My claims of stereotyping and racism are repeated year after year. It may be redundant but if that is what it takes to reach closed minds, so be it. AIM is not going away and will persist in their efforts to ban the float.
Ruby A. Beaulieu, Port Richey, Executive Director, American Indian Movement, Florida Chapter
Fasano flexes his political muscle | March 20 C.T. Bowen column
Power is not in D.C., it's local
What a refreshing piece written by C.T. Bowen. Many of us political watchers are aware of the succession of events. In Sen. Mike Fasano's case, I'd like to think that he is sincere in his efforts to help Pasco County and, in turn, our state.
Each party here has its own kingmaker. Mike Olson, our tax collector, has had that role in the Democratic Party. It's the way of politics in our country and is rooted deeply, especially at the county level.
I was always taught to look to local politics — that's where the real power is; and in some cases, corruption. Those who get all excited about Washington would do well to remember this and keep an eye out. It's our future on the line. I have faith in Fasano, so time will tell.
Lilyan V. Dayton, New Port Richey
Restaurant not to blame in illness
This is in reference to the recent witch hunt of an unknown virus from an unknown source in Hernando County.
The Health Department has acted more than responsibly in this matter. They have checked out the information they have received and still cannot pinpoint the origin.
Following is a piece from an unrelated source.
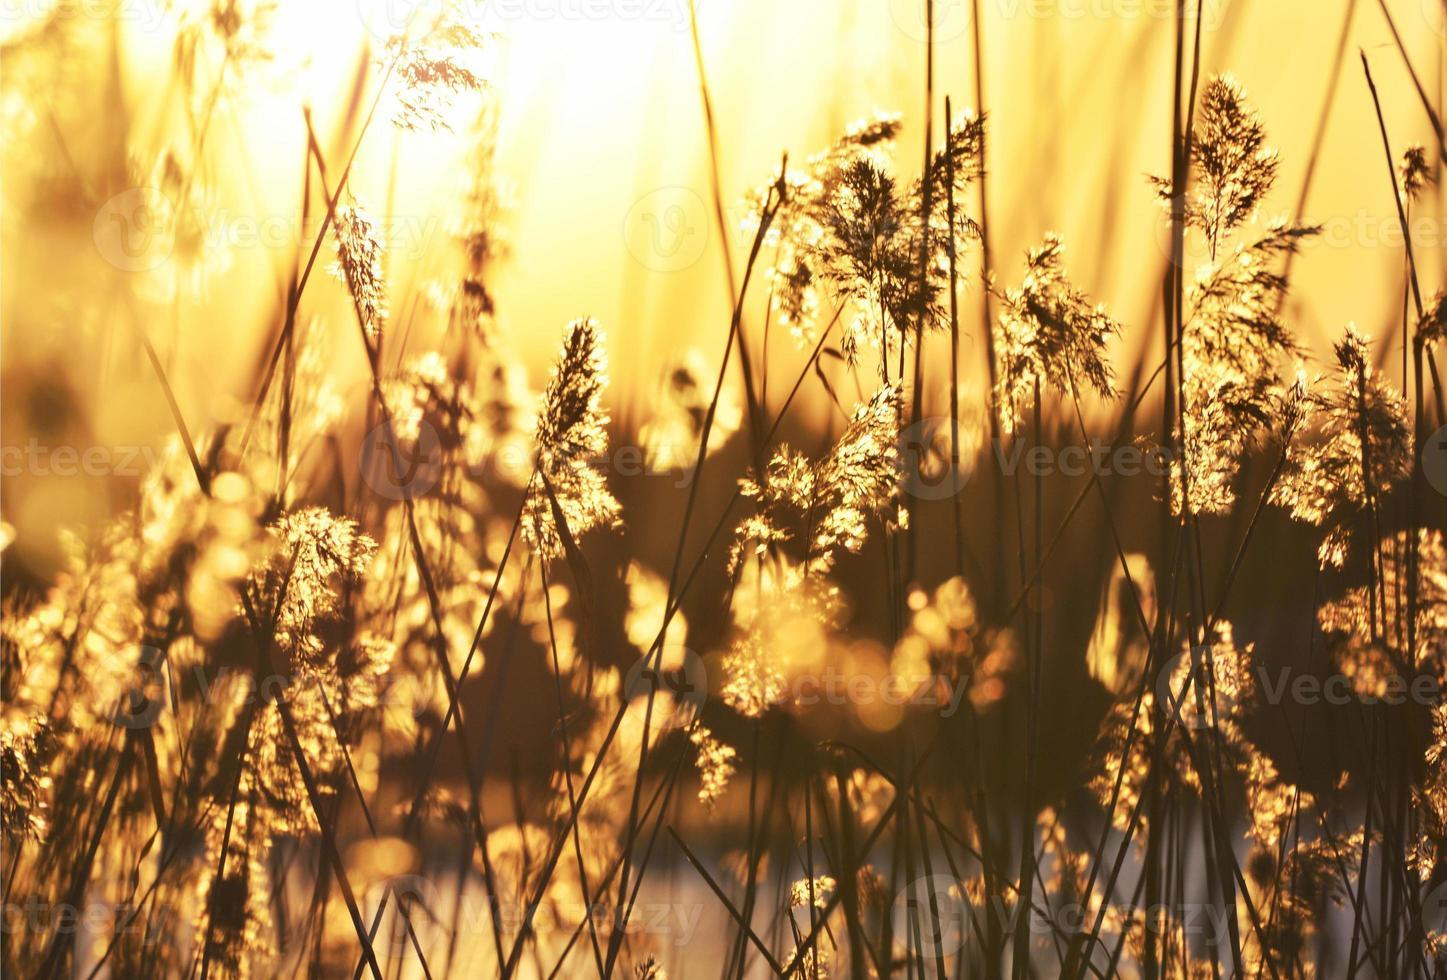 Bulbush in warm sunset light photo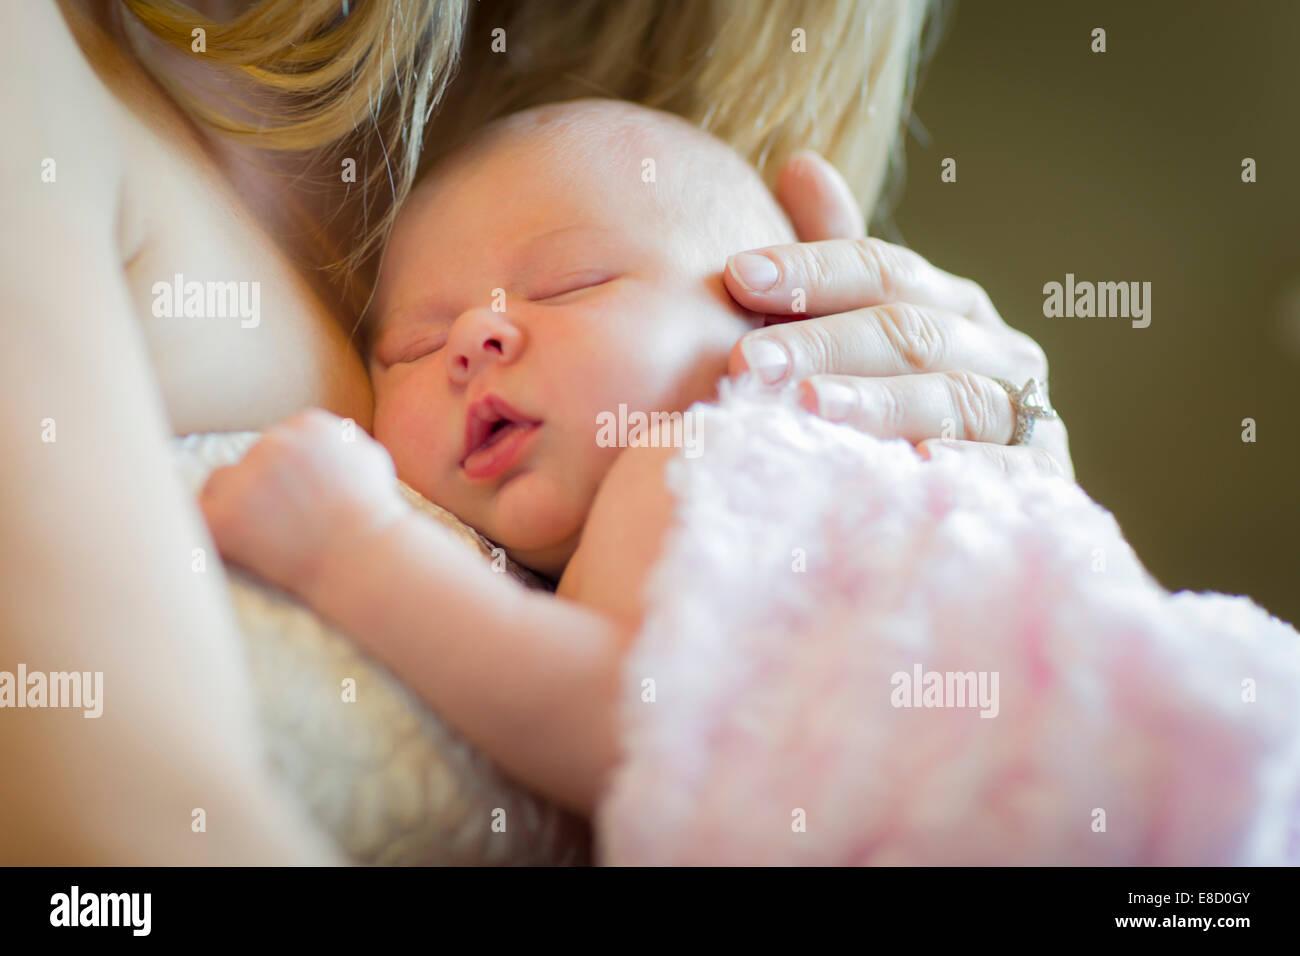 Manos suaves de la madre sosteniendo su precioso bebé niña. Imagen De Stock

Too bad they weren't told that a group of those people who claimed to have gotten sick had just returned from a cruise. (This information was passed on by one of their own).
The restaurant that was targeted in this investigation and which was unfortunate to have hosted this group upon its return, has had an impeccable reputation in this community for the last 13 years and 22 years total in Pasco and Pinellas County. It has have never once been accused of being responsible of making someone ill.
It not only has one of the finest and cleanest dining establishments in Spring Hill, but regards their customers as friends and family. As a community, I say that we need to rally in support and not be led like sheep because of some loose cannons spreading gossip.
Just remember, gossip is just that — gossip — because it isn't the truth.